Some circumstances, it is true, would make them, ready to receive Leo's suggestions. Piety apart, they would naturally desire peace and unity, and also freedom from Alexandrian interference. Rumour said that Dioscorus was plotting against them. This may be false, though the friendly relations between the Monophysites and the exiled widow Empress Eudocia might render such a suggestion not improbable. But on the other hand the Emperor and Empress were not likely to avoid Scylla in order to fall into Charybdis — to liberate their ecclesiastical policy from Alexandrian dictation merely to bow beneath the yoke of Rome. With regard to the appointment of Anatolius, Leo had, by the appointment of a patriarch of Constantinople, attacked the independence of the Emperor as well as the dignity of the patriarch himself A Council must be called, Leo or his legate might preside, and his Tome might serve as basis for a confession of faith.
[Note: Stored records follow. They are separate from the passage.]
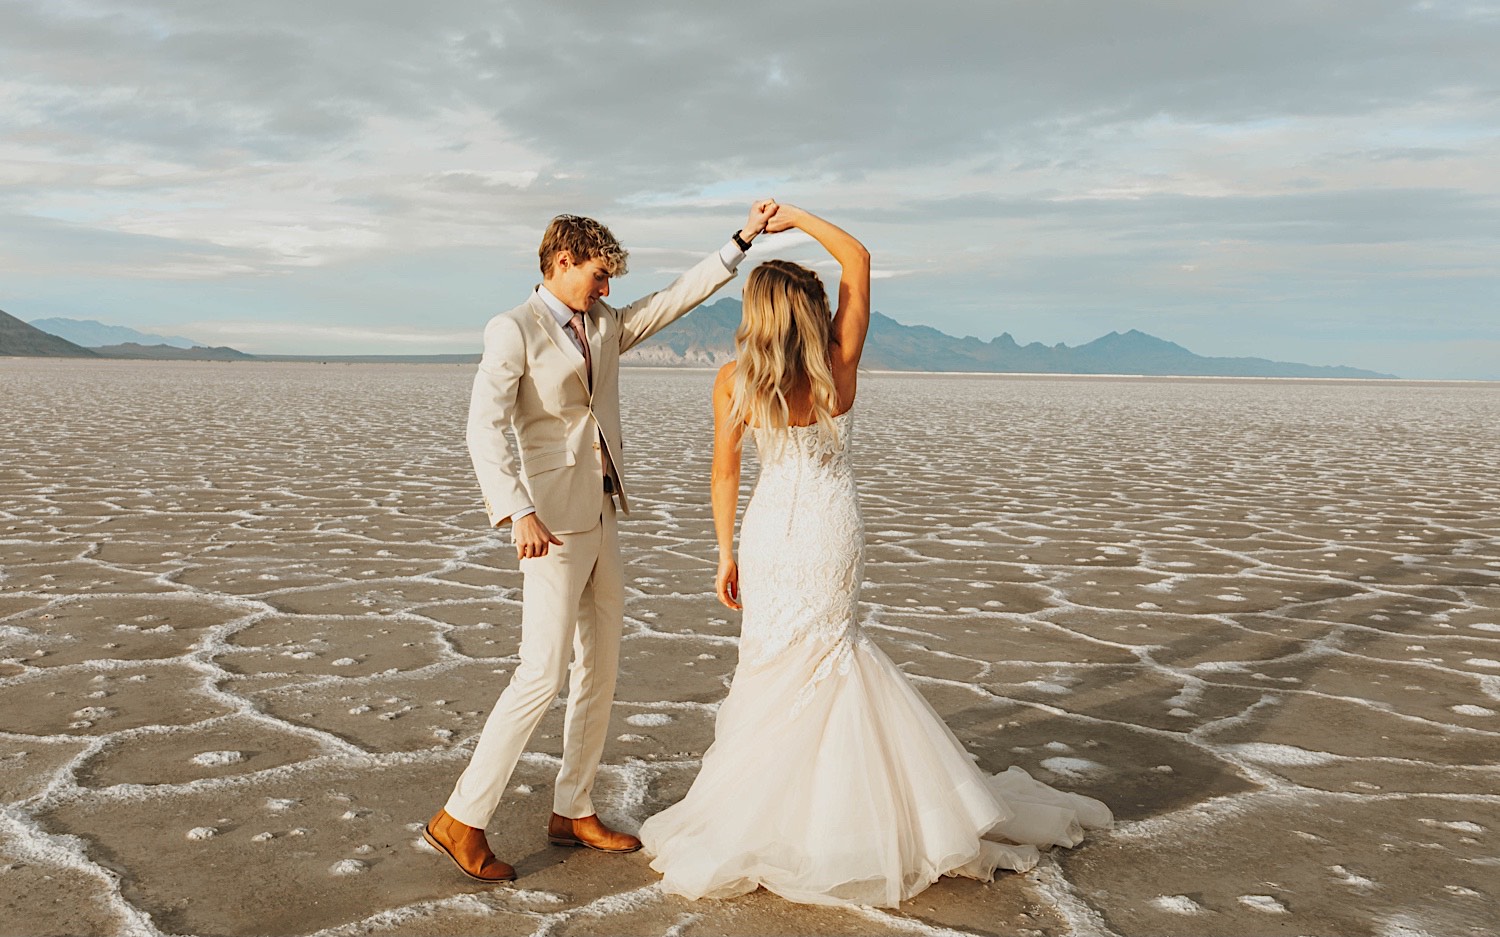 During their elopement in the Utah Salt Flats, a bride dances with the groom as he spins her around while holding her hand
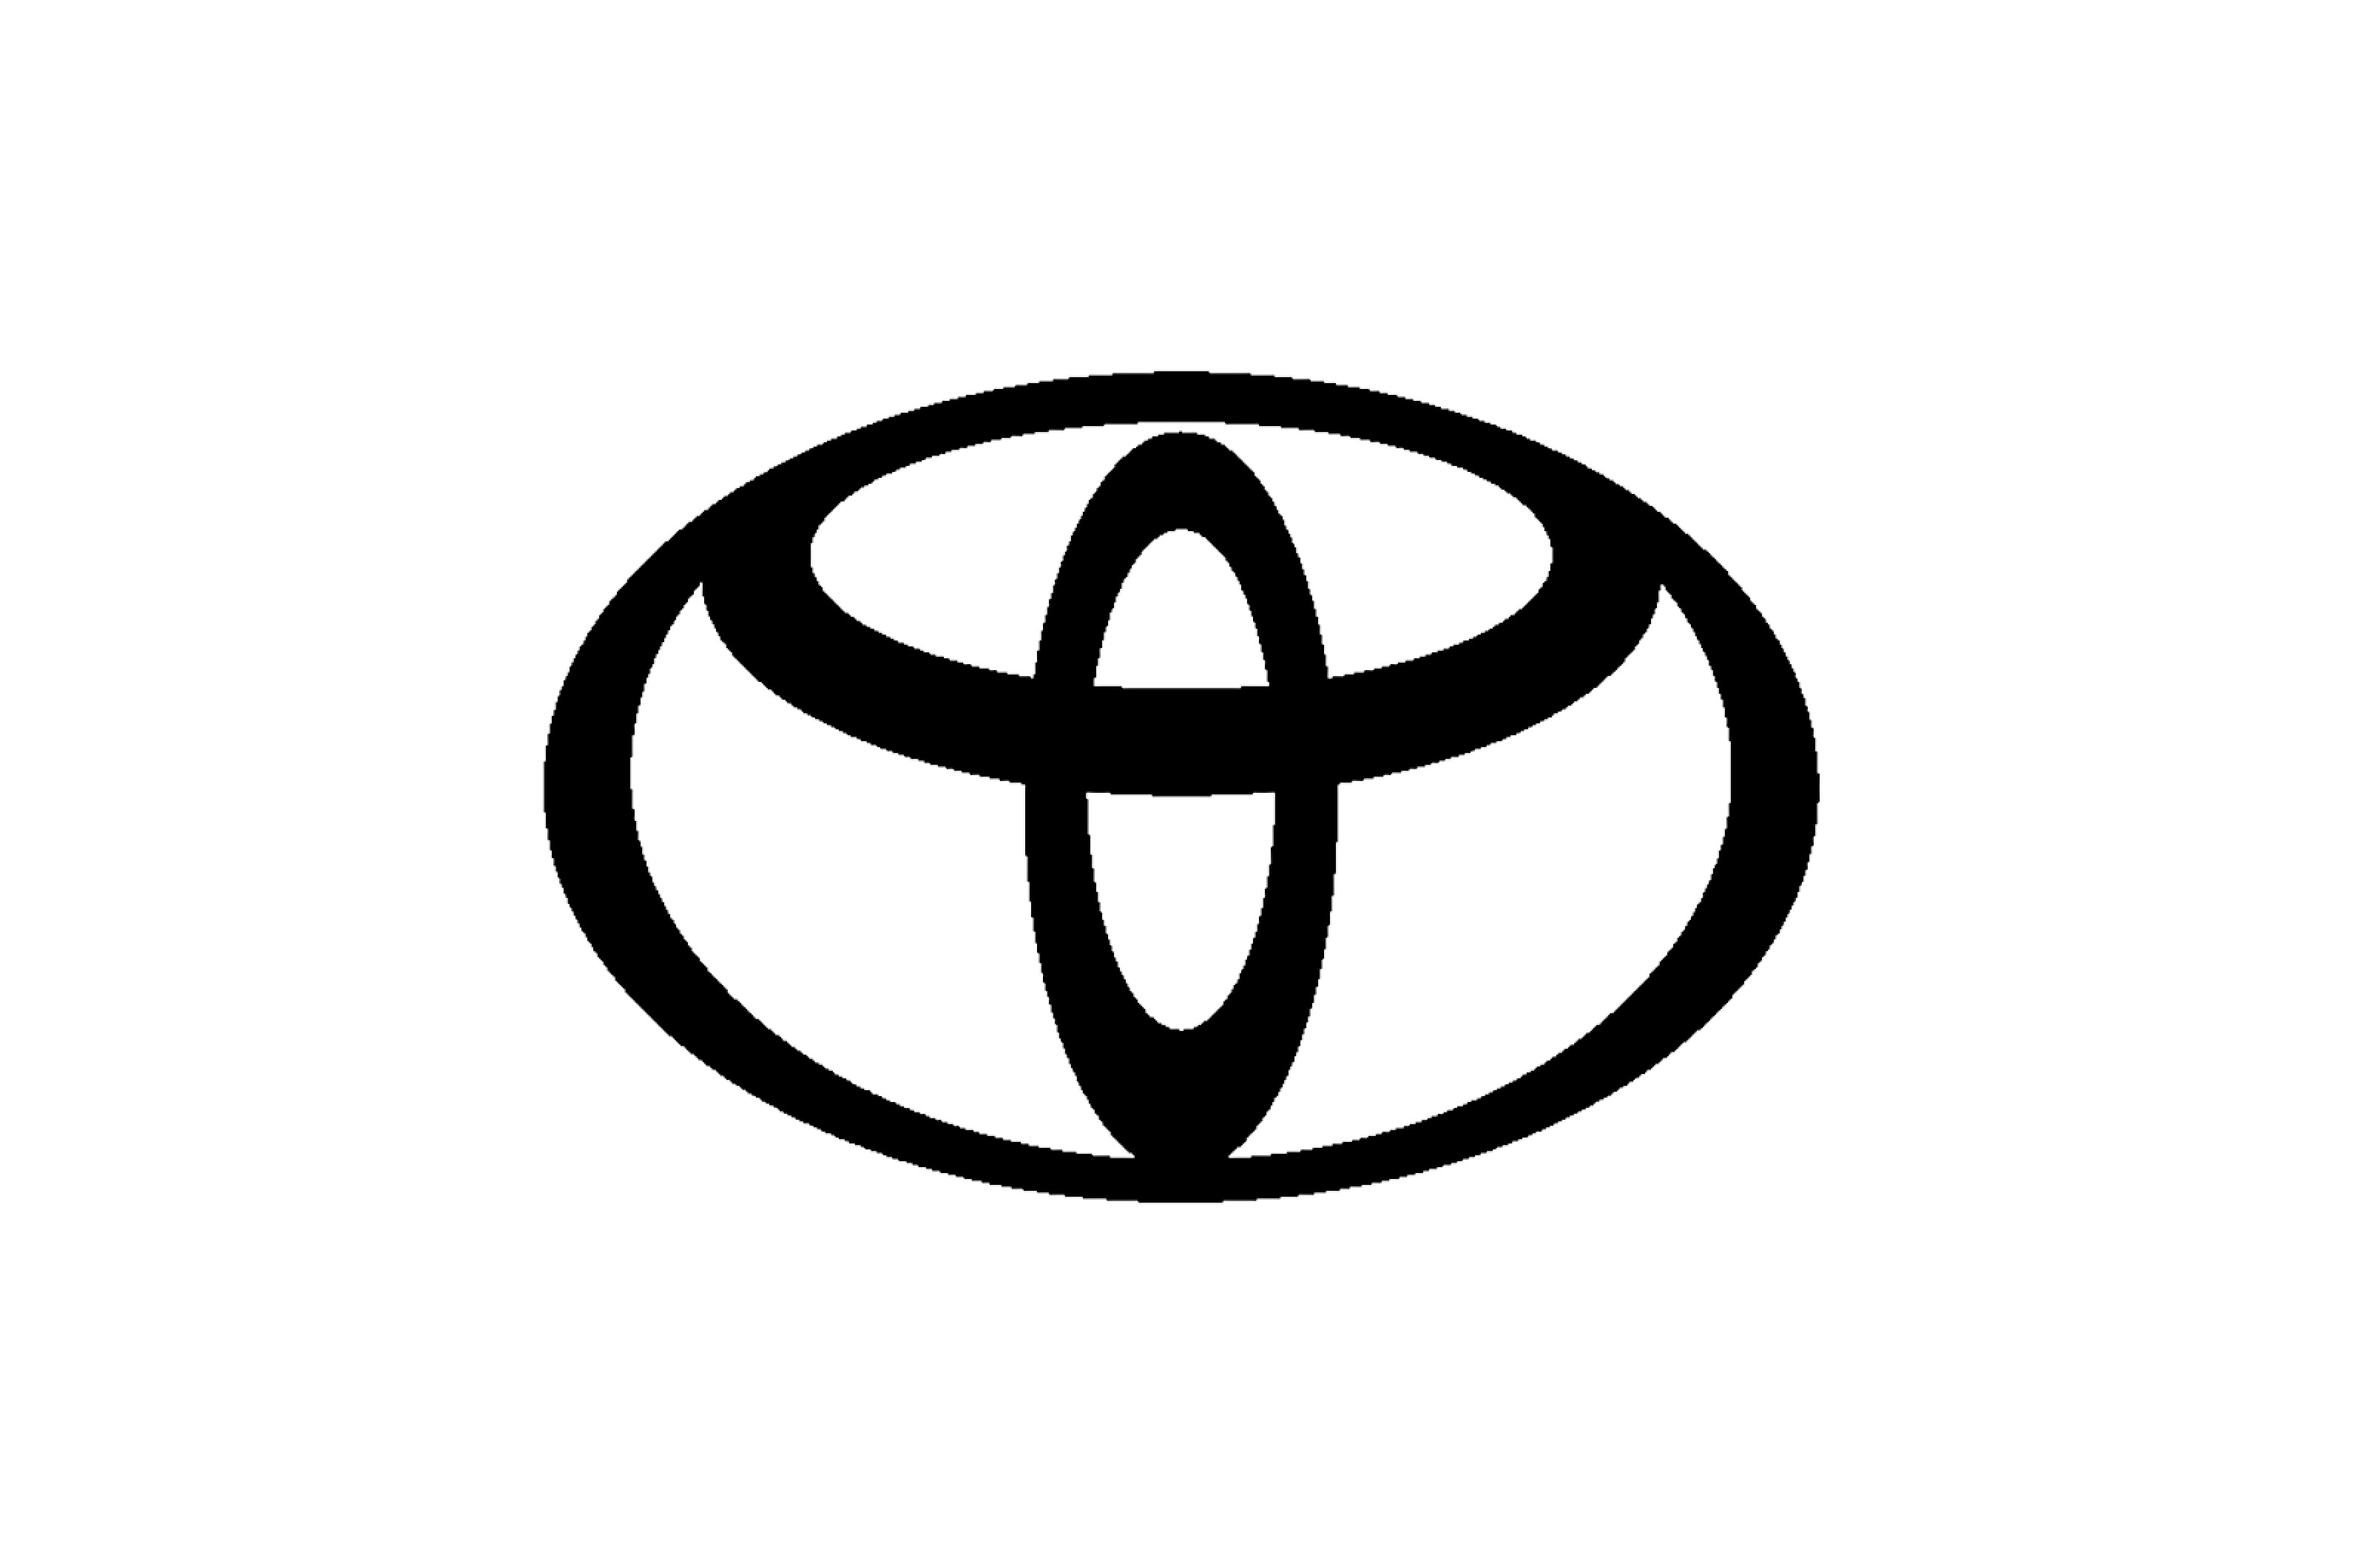 <p>Toyota’s current logo first appeared in 1989 on a model known as the Celsior, though this went unnoticed in markets where that car was sold (with a different badge) as the Lexus LS400.</p>  <p>Although at first glance it looks like a heavily stylized letter T, the logo in fact consists of three ovals. According to Toyota, the inner ones represent the hearts of the customer and the company, while the large one surrounding them represents the world.</p>  <p>Even more fancifully, the apparently empty space not taken up by ovals is not officially empty at all. Instead, it stands for Toyota’s ‘infinite values’ of quality, value, innovation, safety, the environment, social responsibility and the joy of driving.</p>  <p>The logo was updated in 2006 to look more three-dimensional and metallic, but in 2020 Toyota succumbed to the new fashion for austerity and re-rendered it in flat black-and-white.</p>
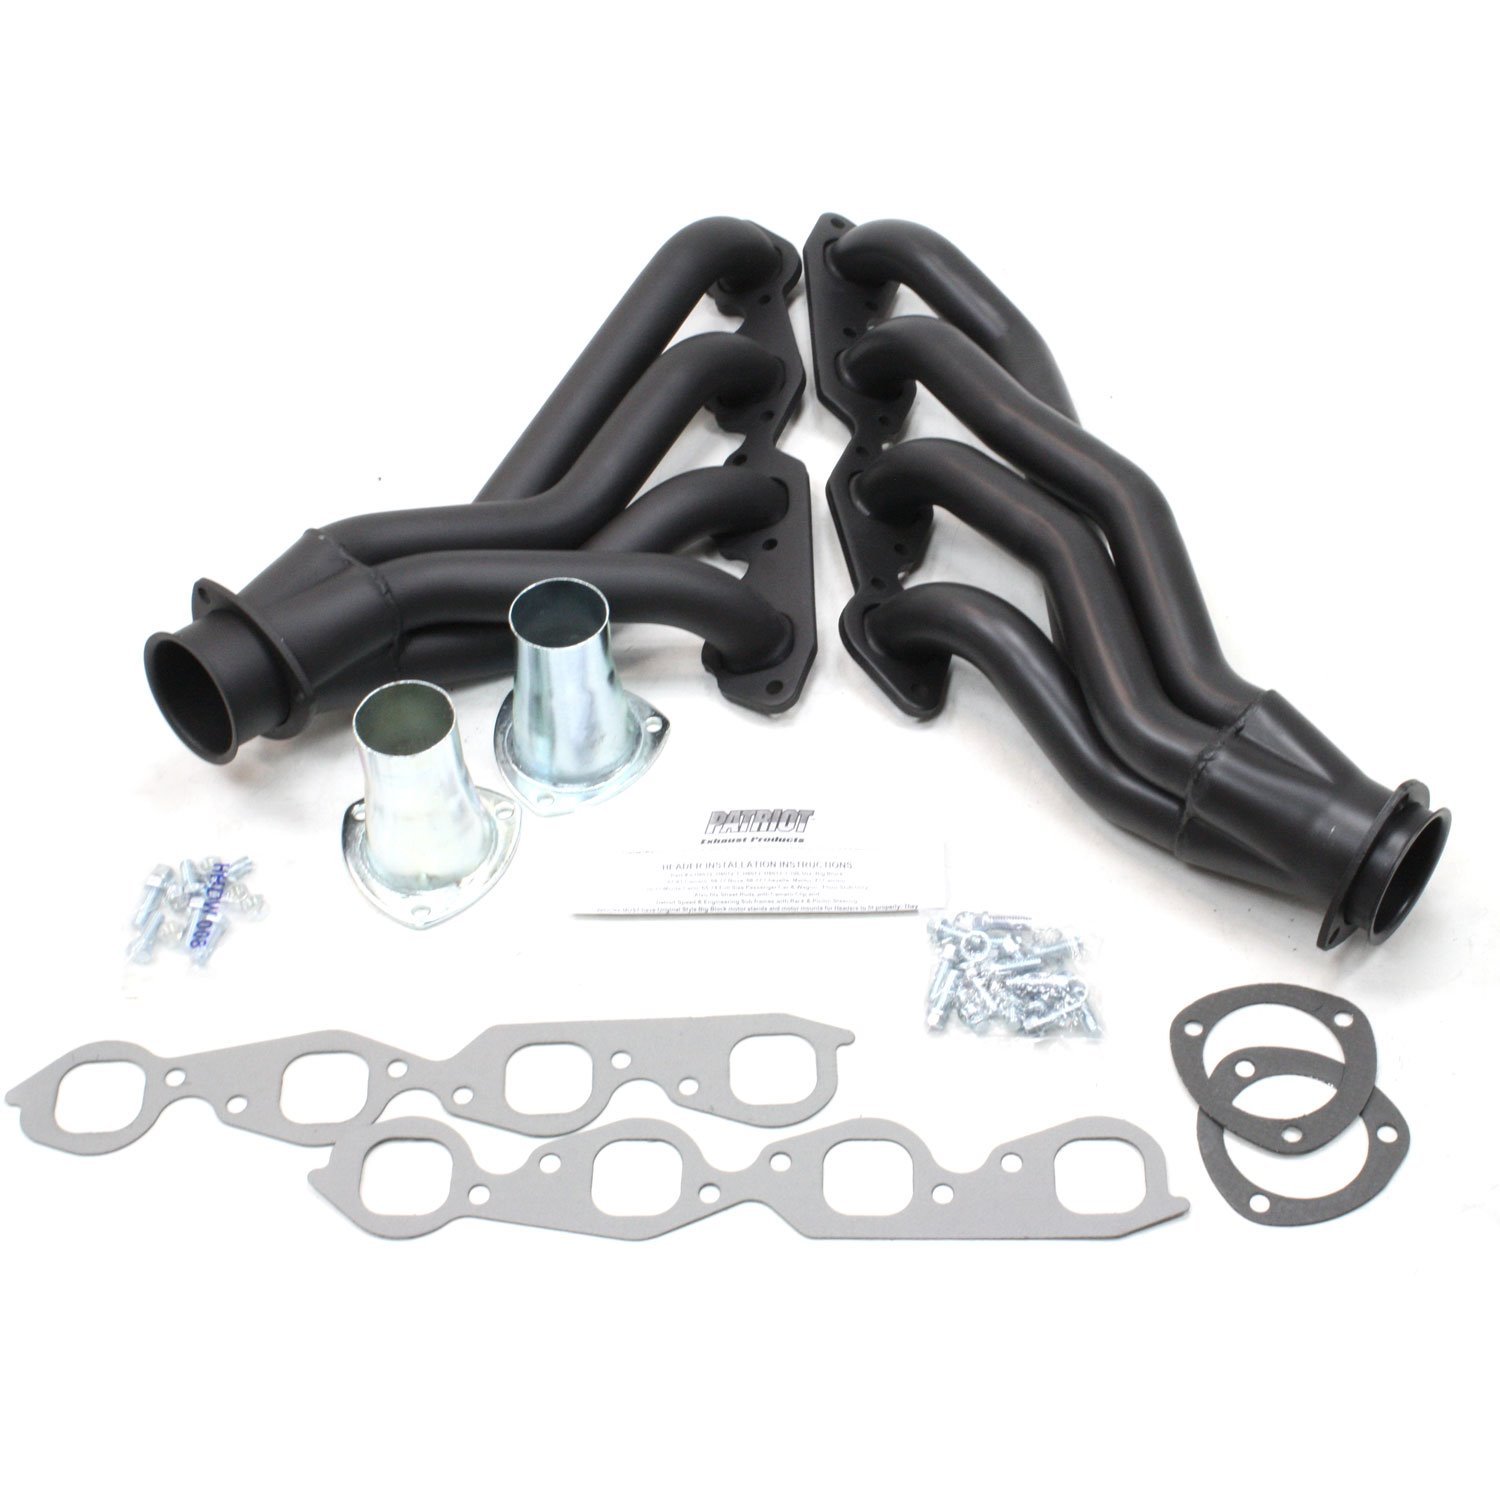 GM Specific Fit Headers 1965-1974 Full Size Passenger
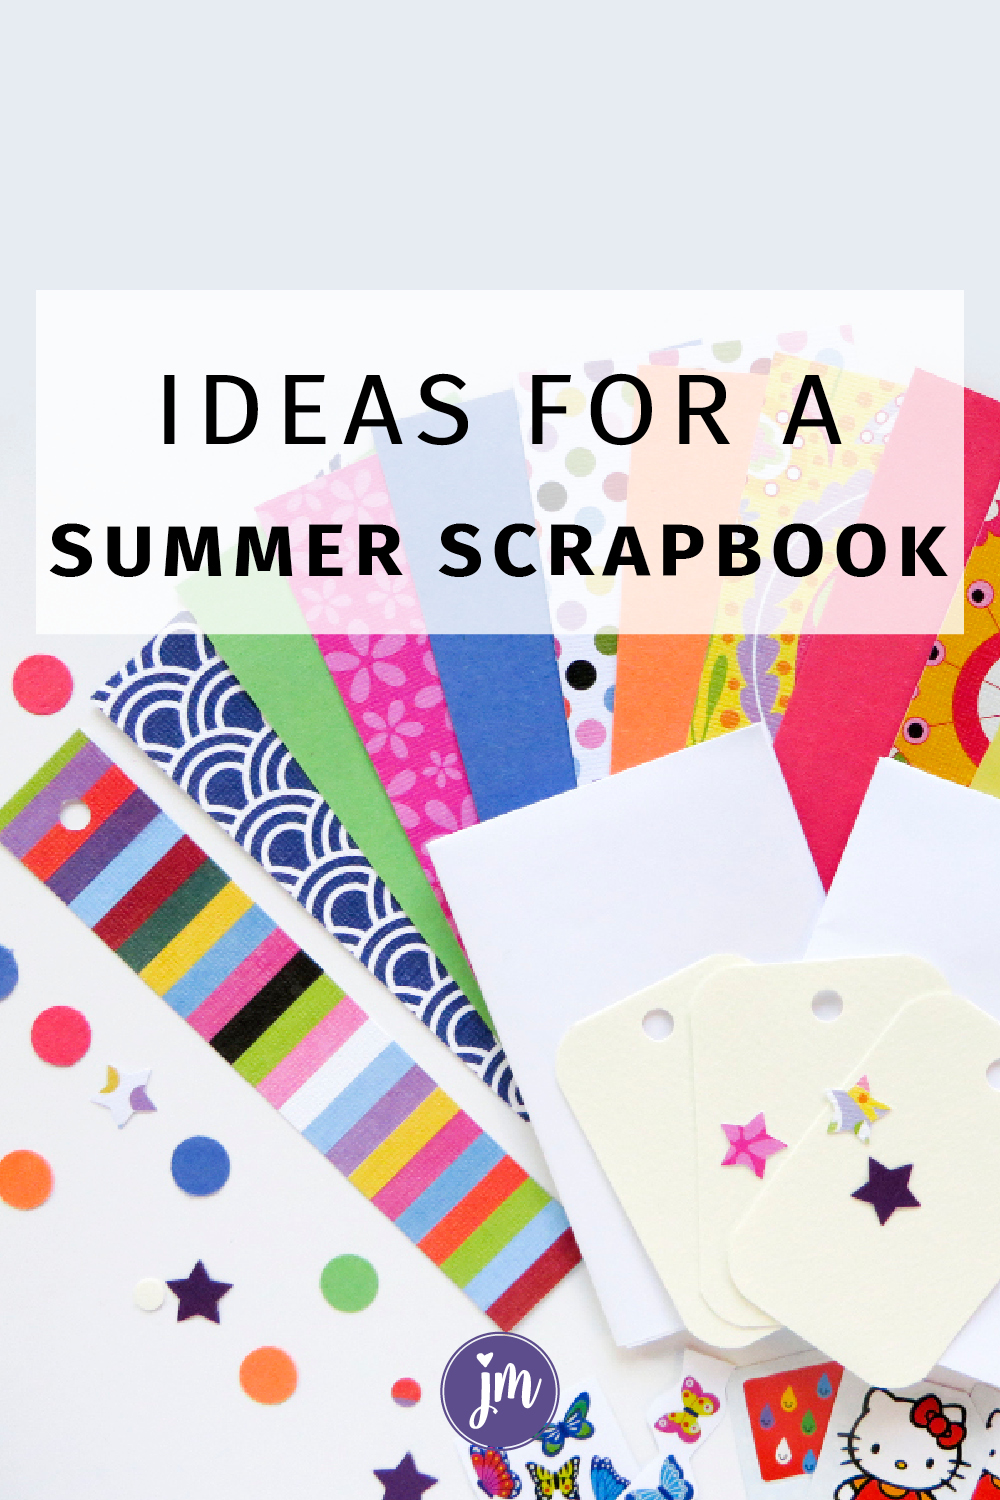 Make a summer scrapbook with these fun ideas! This is a great and simple project for kids to put together. I used to make these every summer with my mom!

But the Council must be held in the East, not, as Leo now vainly requested, in the West, and measures must be taken in it to secure the prestige of the Byzantine see against that of either St Mark or St Peter. This policy however was not all to be declared at once.
The Council was summoned to assemble at Nicaea, the orthodox associations of that place being of good omen. It was to be larger and more representative than any hitherto held, comprising as many as six hundred and thirty-six bishops (twice as many as those at Nicaea), though the Emperor and Empress took strong measures to exclude a concourse of unauthorised persons, who might come to make a disturbance. Seeing, however, that military and civil exigencies prevented Marcian from attending meetings at a distance from his capital, he adjourned the Council to Chalcedon. The wisdom of this step soon became evident. Chalcedon was sufficiently near to Constantinople to allow a committee of imperial Ministers, with some distinguished members of the Byzantine Senate, to undertake the general control of affairs, and the Emperor and Empress were able, at least once, to attend in state, as well as to watch proceedings throughout.